IN A NUTSHELL
  • 🤖 Figure 02 humanoid robots now exhibit human-like movements using advanced reinforcement learning techniques.
  • 🚀 The robots achieve human-like walking through a zero-shot transfer from simulation to reality, enhancing adaptability.
  • 🌟 Figure AI introduces Helix, a Vision-Language-Action model, enabling robots to execute complex tasks with natural language.
  • 🔧 The advancements position Figure AI as a strong competitor in the humanoid robotics sector, driving innovation forward.
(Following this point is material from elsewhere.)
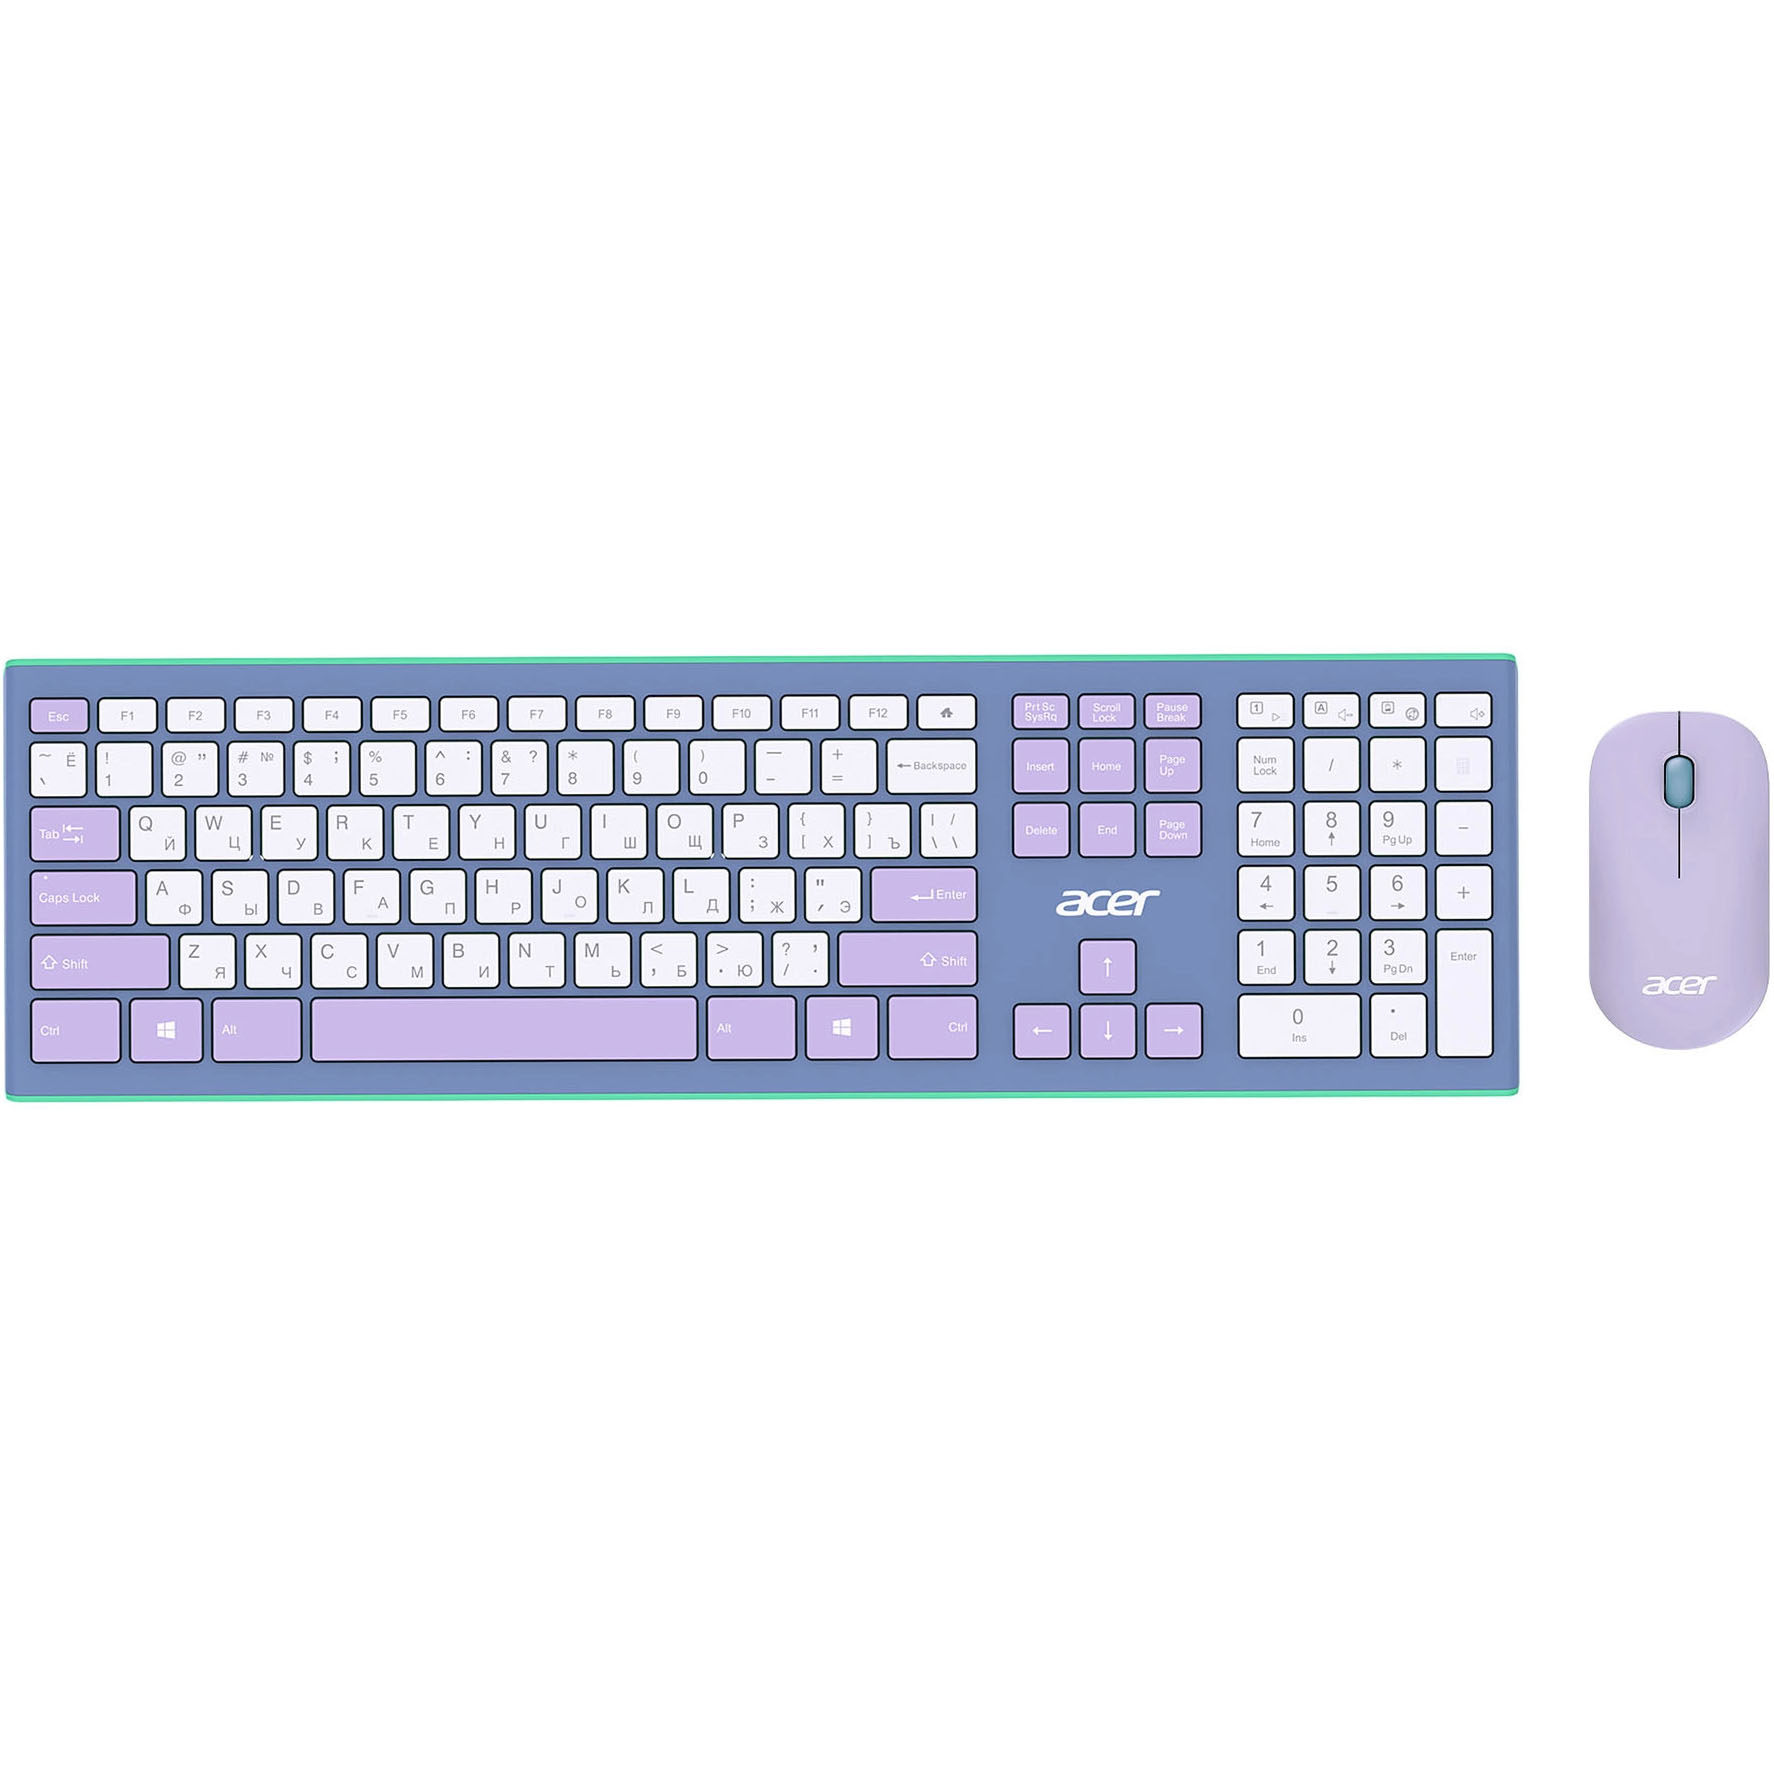 Комплект клавиатуры и мыши Acer OCC200 зеленый, фиолетовый клавиатура мышь acer occ200 бежевый коричневый zl accee 004

The field of robotics is undergoing a transformative shift as humanoid robots begin to exhibit increasingly human-like movements. Among the frontrunners in this technological evolution is Figure, a U.S. robotics firm that has advanced the development of its humanoid robot, Figure 02. Utilizing cutting-edge techniques like reinforcement learning, these robots are now capable of walking with a fluid, natural motion. This breakthrough not only marks a significant leap in robotics but also raises intriguing questions about the future capabilities of AI-powered machines and their role in our lives.

Humanoids Walk Naturally

Figure has made remarkable strides in developing a natural humanoid walking motion using reinforcement learning (RL), a sophisticated AI approach where a controller learns through trial and error. The Figure 02 robot now walks with a human-like gait thanks to this innovative method. The company’s RL controller was trained in a high-fidelity, GPU-accelerated physics simulation, allowing years of data to be simulated within just hours. During this process, thousands of virtual humanoids with varying physical parameters were run in parallel, exposing them to diverse real-world scenarios.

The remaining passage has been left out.